_YOUR INSTRUCTIONS:_
In the listing that follows, give every line again exactly and omit the pictures.

_INFORMATION PROVIDED:_
————

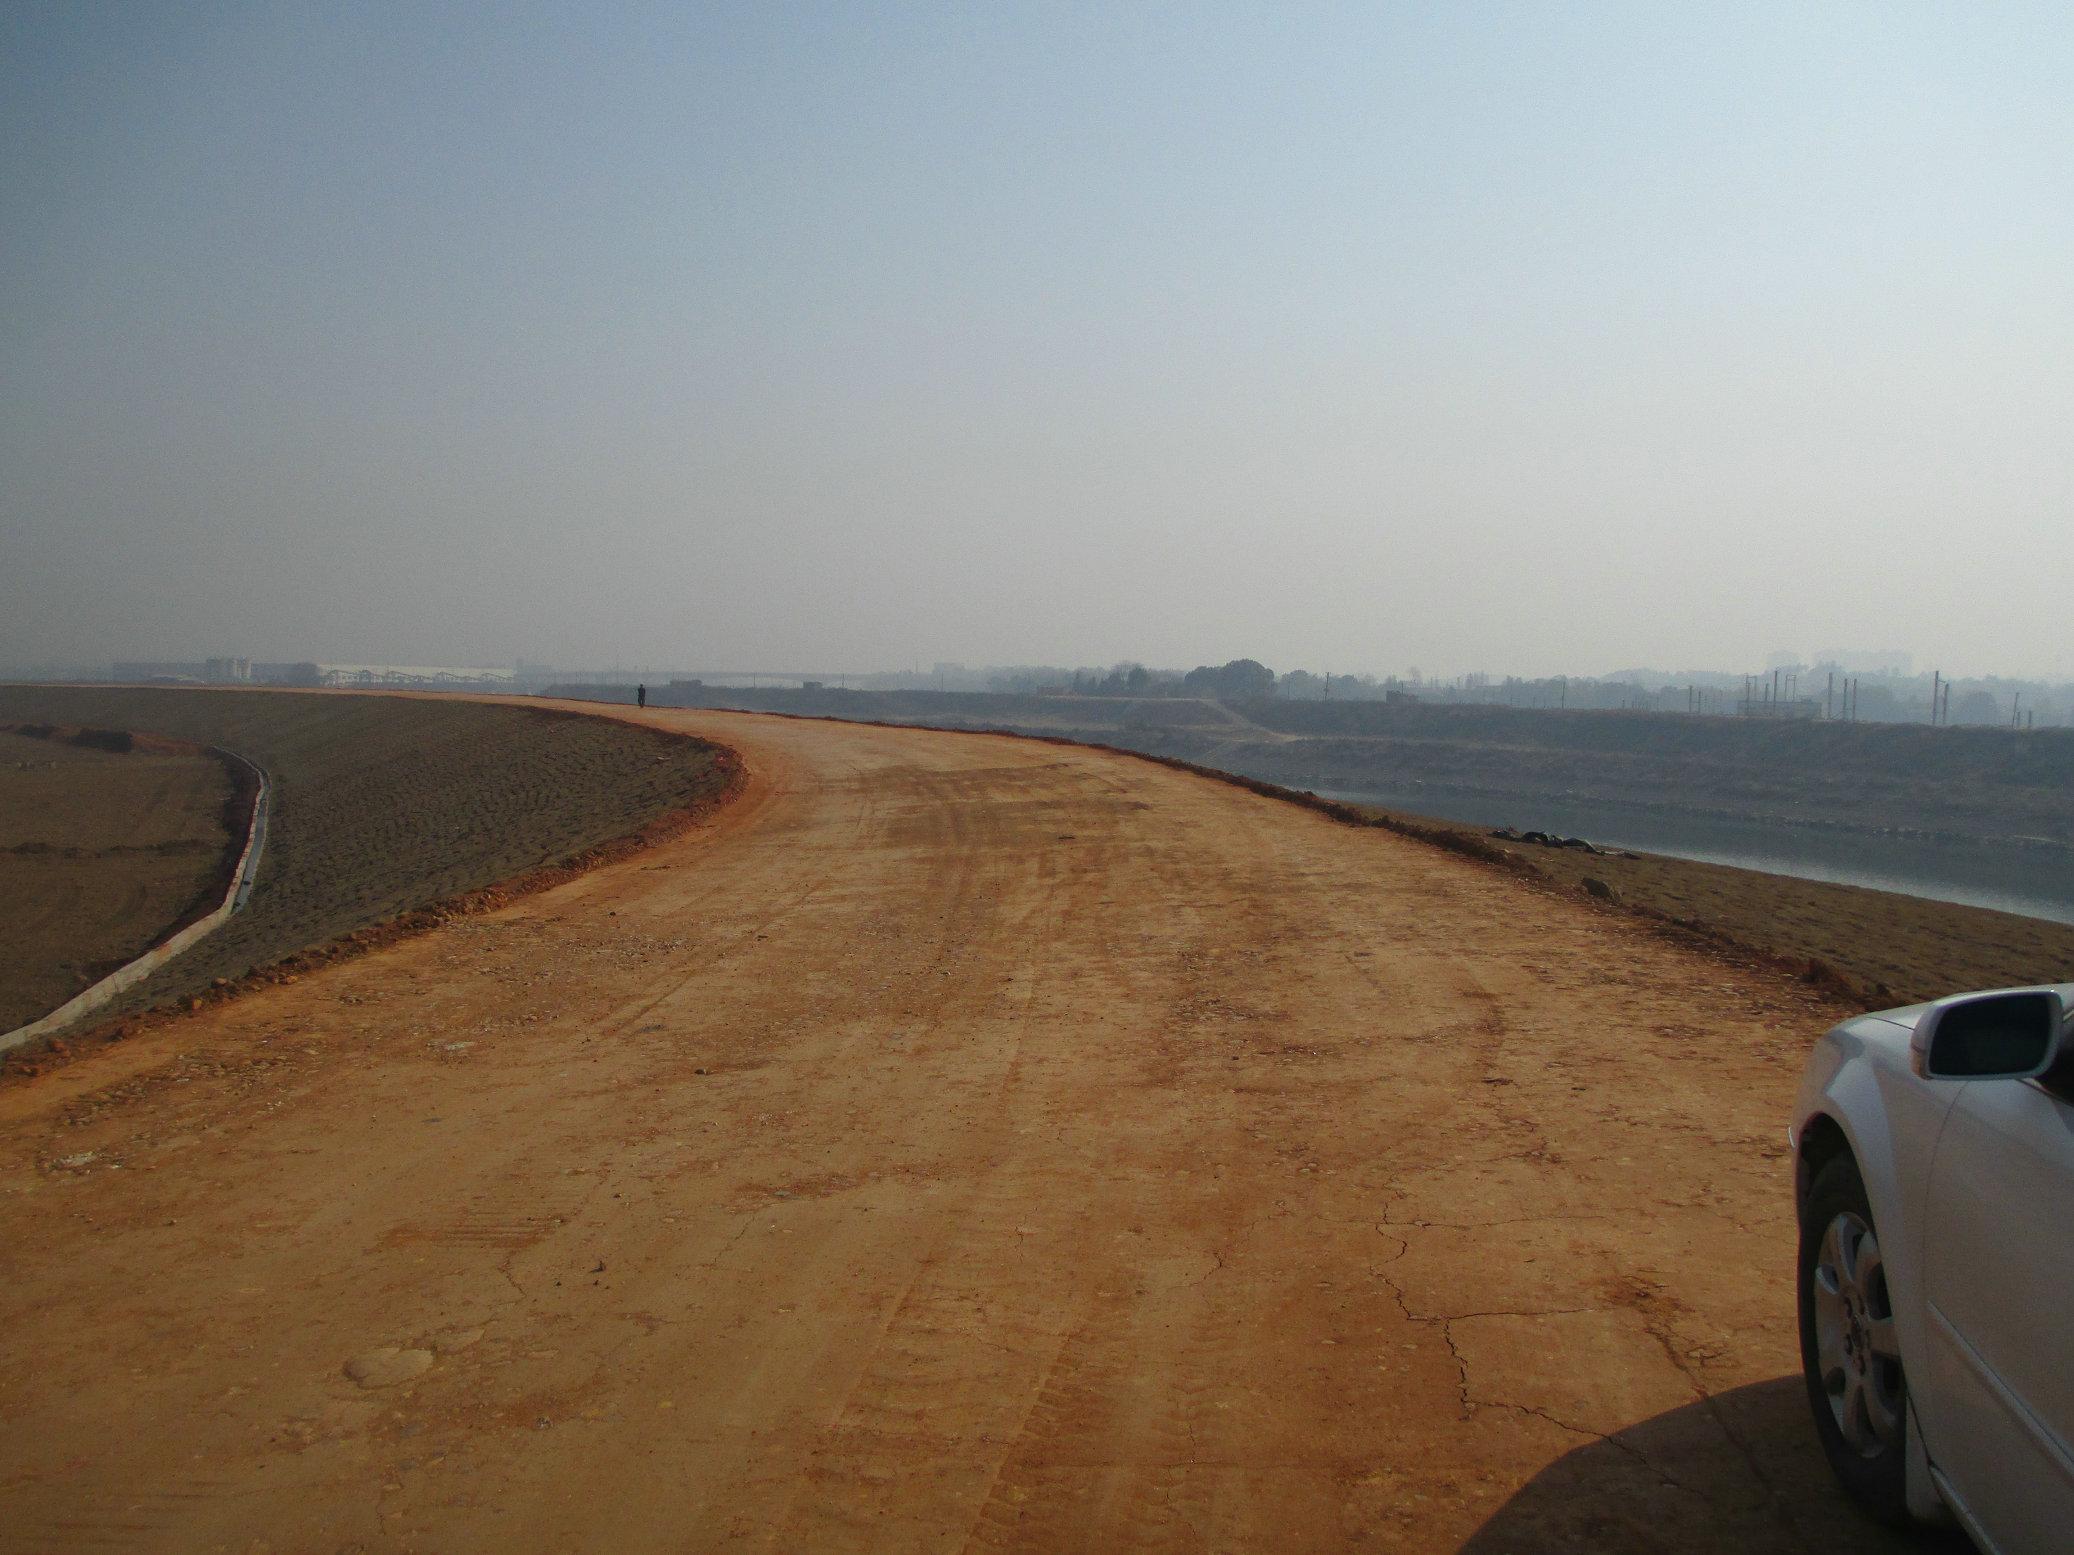 湘江综合枢纽长沙水库(望城段)后续水利建设先期项目三标段
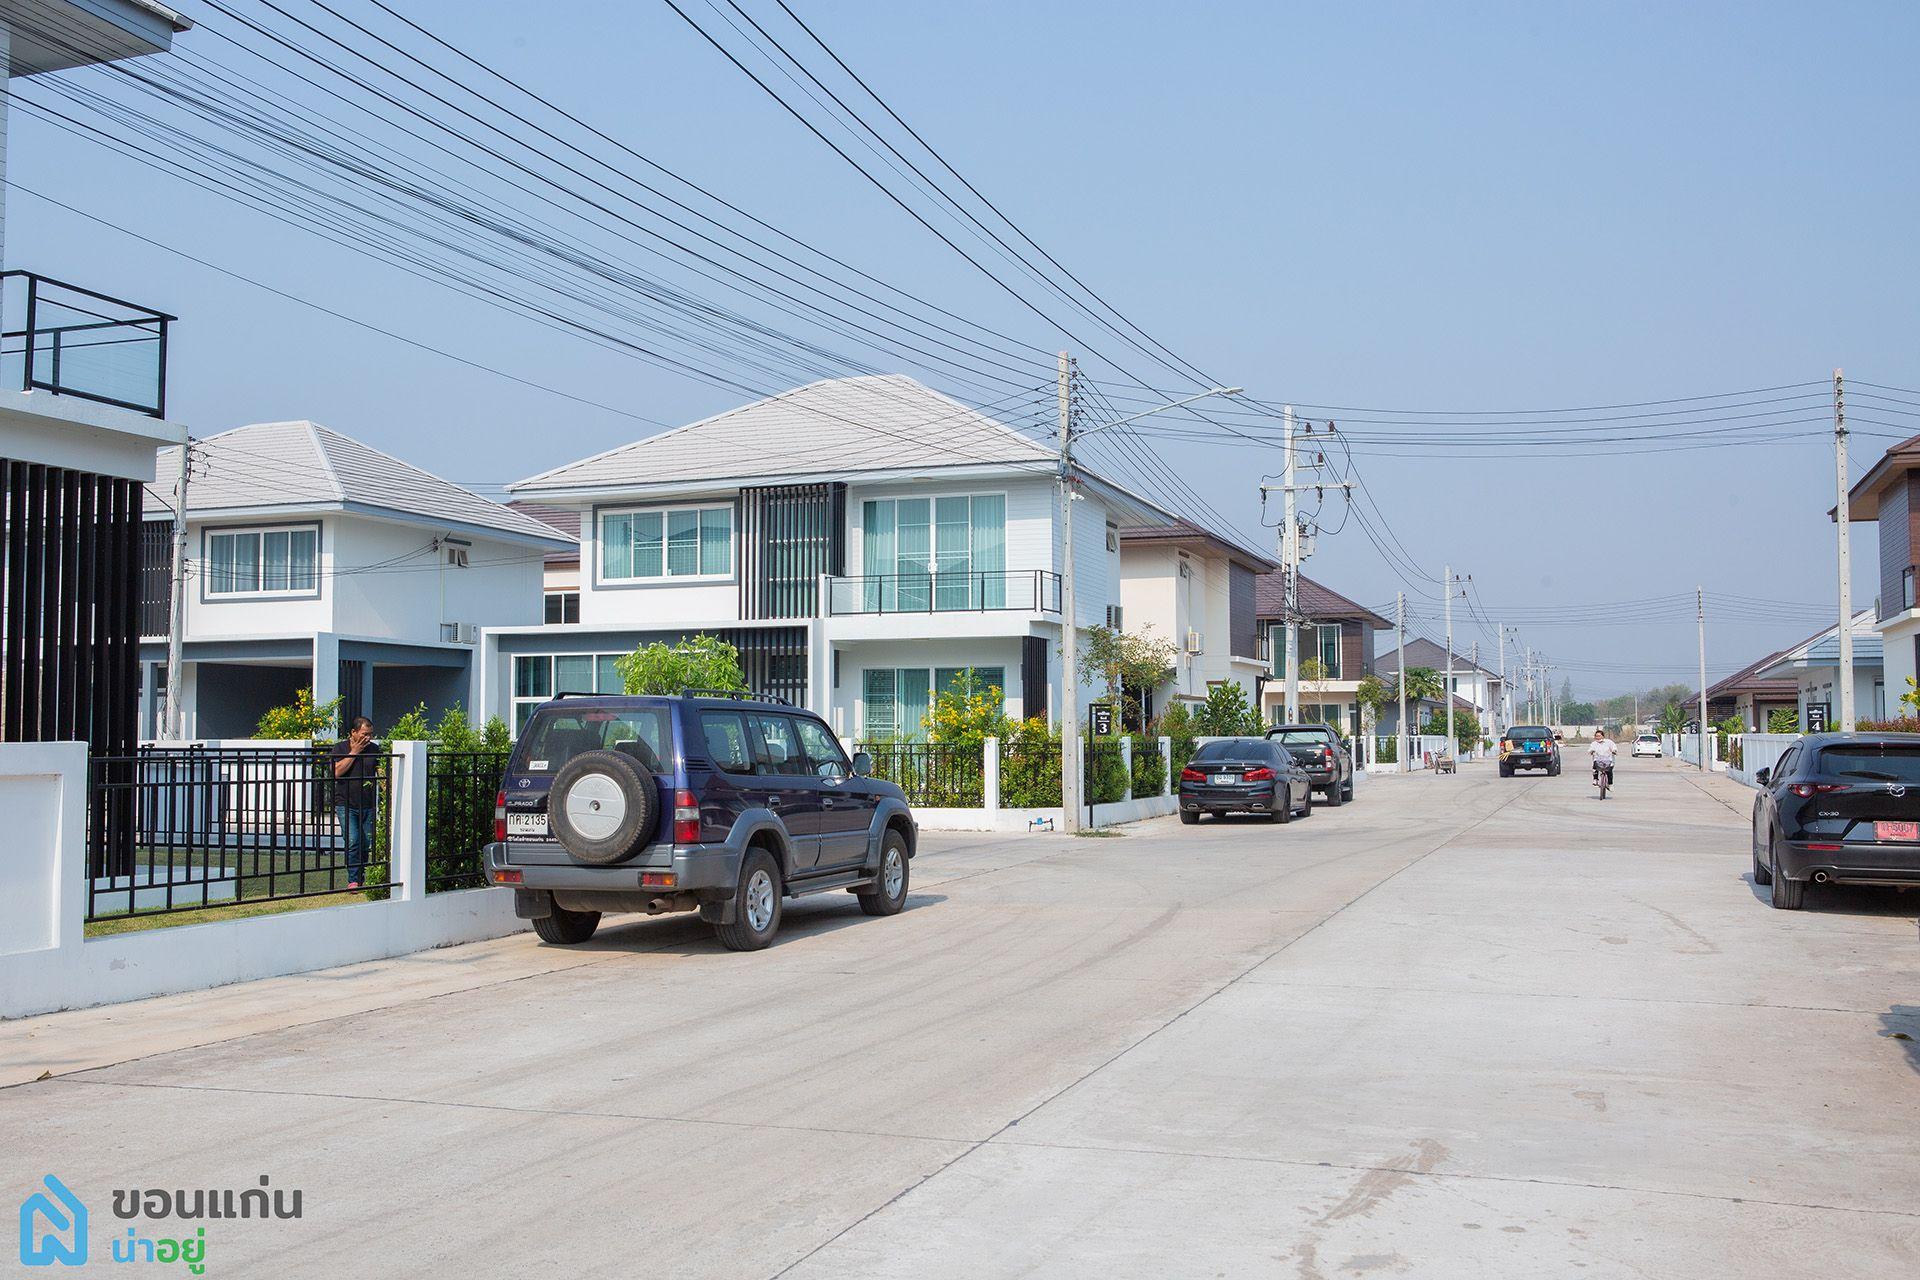 สินธาราพาร์ค บ้านสะอาด : ถนนหลักกว้าง12เมตร ถนนซอยกว้าง9เมตร
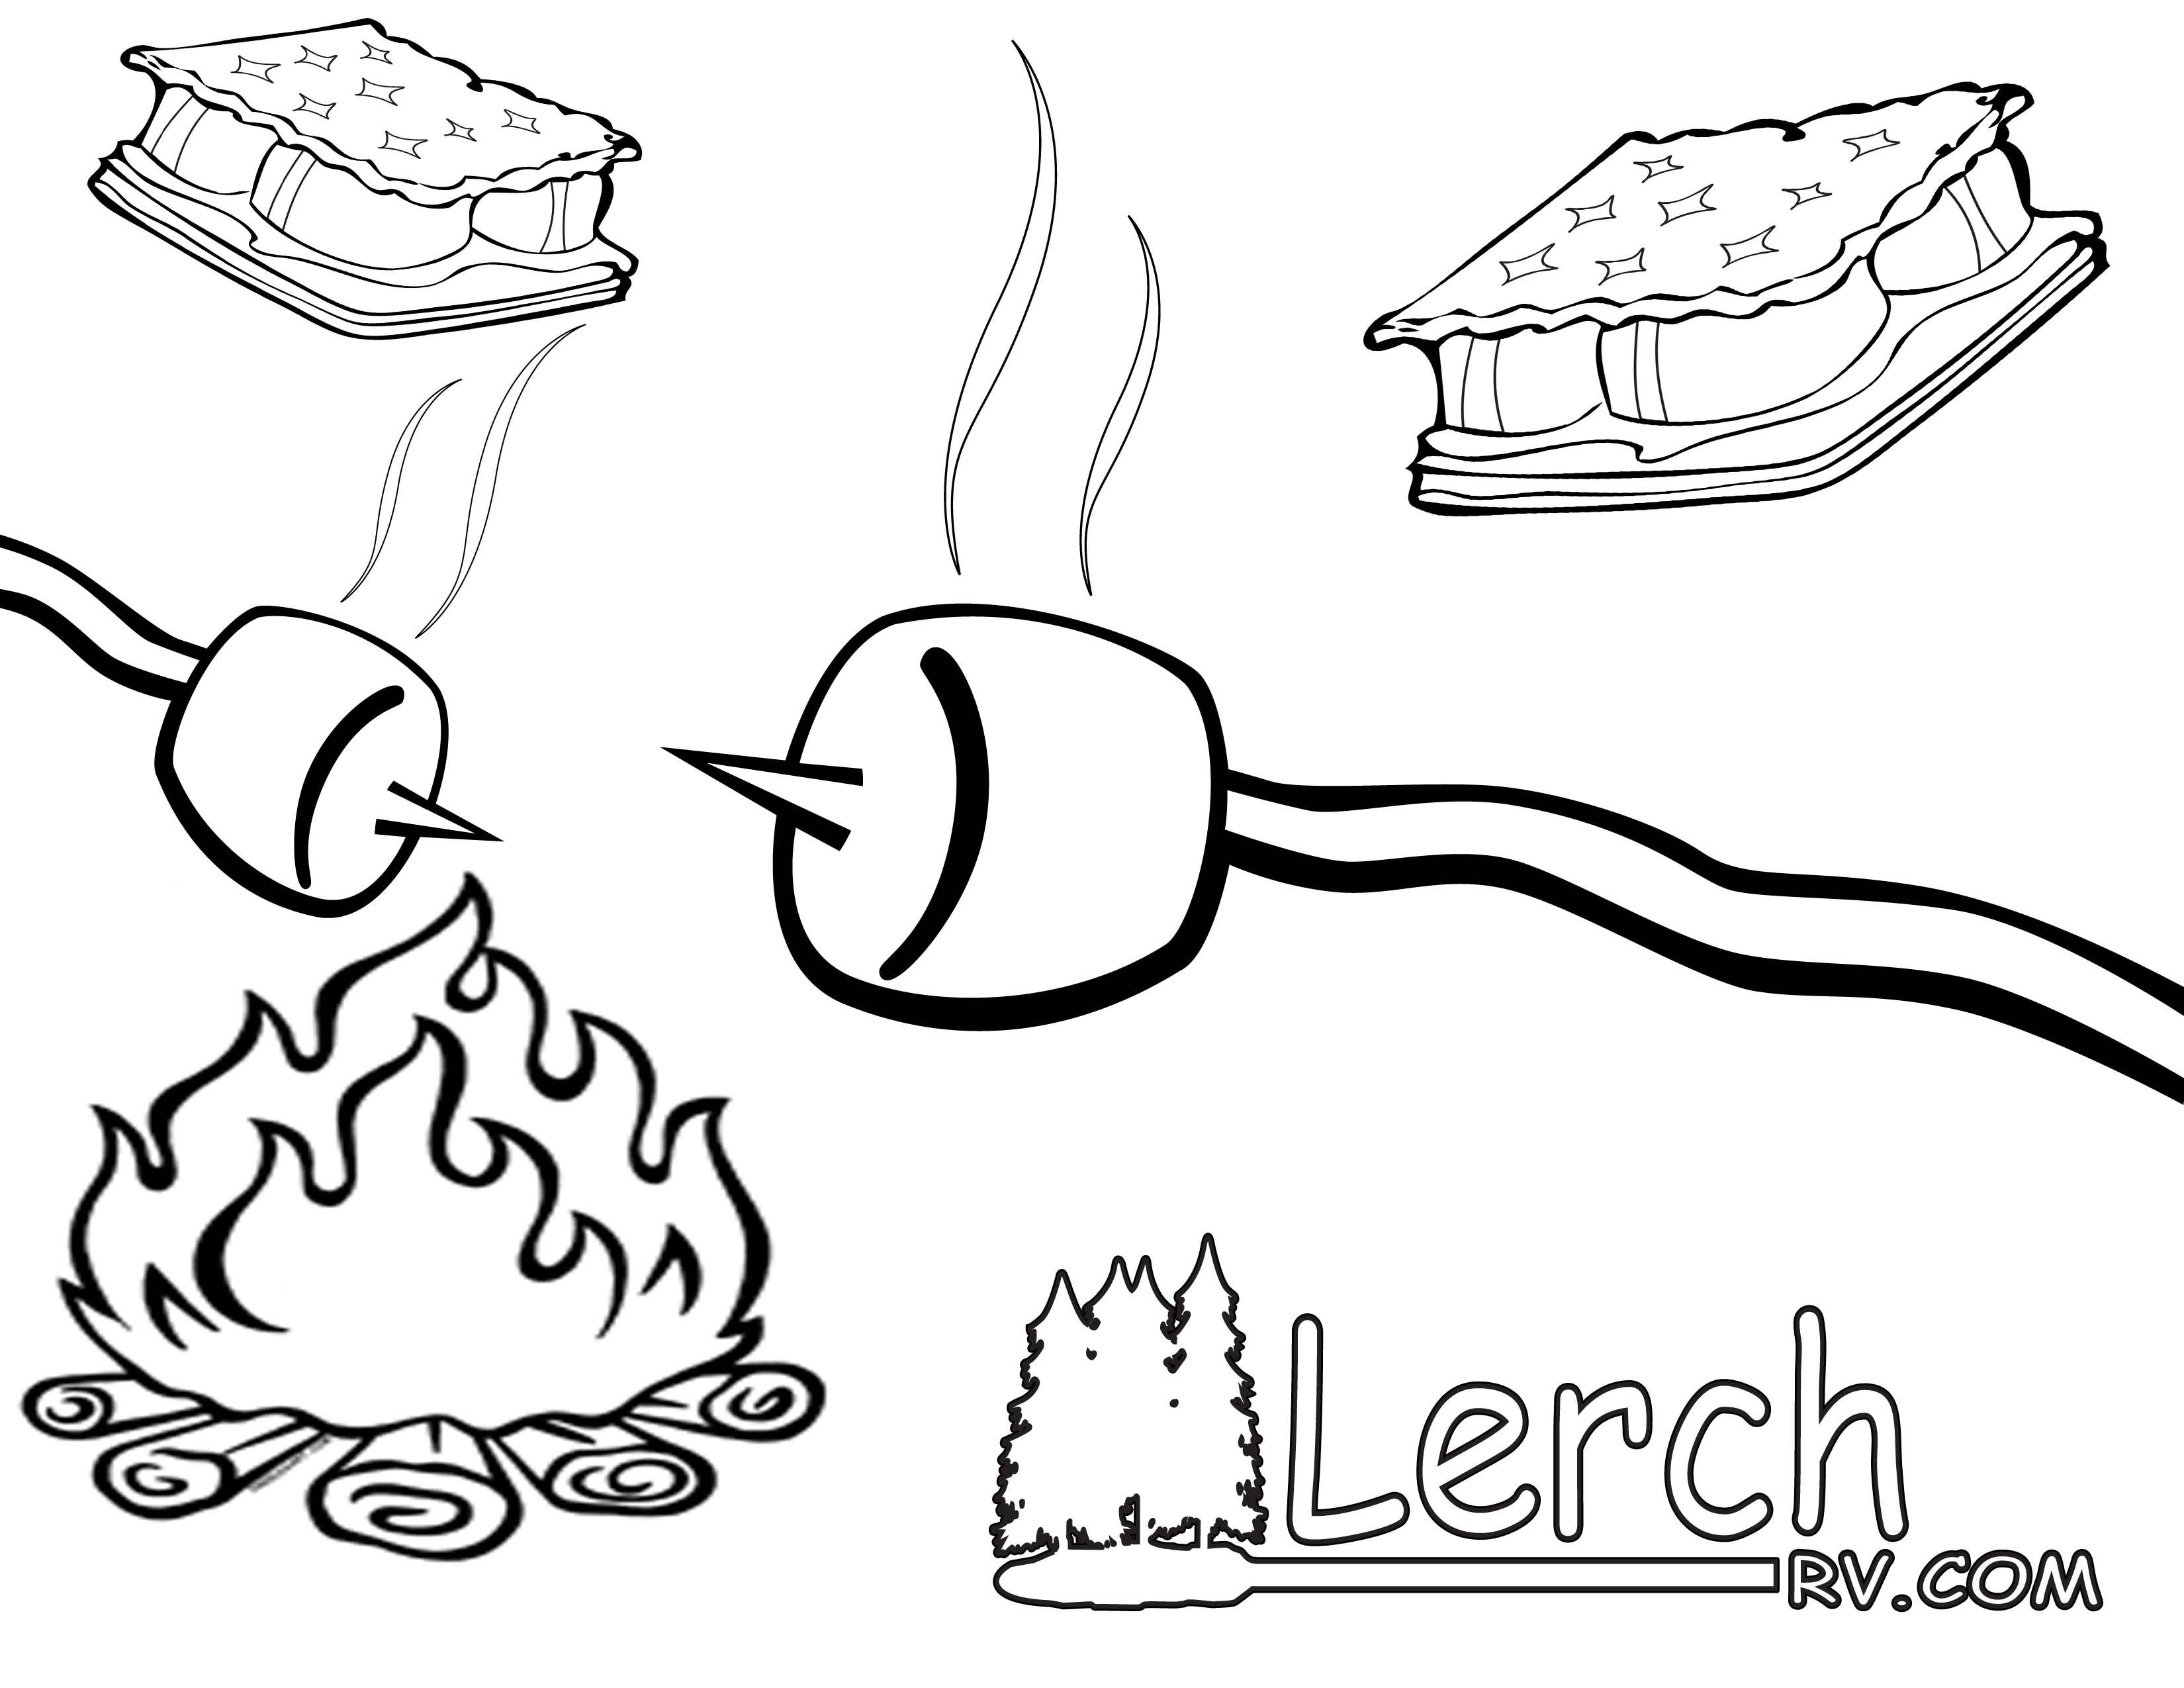 Campfire clipart random Search on invite art Clip

————

_THE COMPLETED TASK:_
 湘江综合枢纽长沙水库(望城段)后续水利建设先期项目三标段
 สินธาราพาร์ค บ้านสะอาด : ถนนหลักกว้าง12เมตร ถนนซอยกว้าง9เมตร
 Campfire clipart random Search on invite art Clip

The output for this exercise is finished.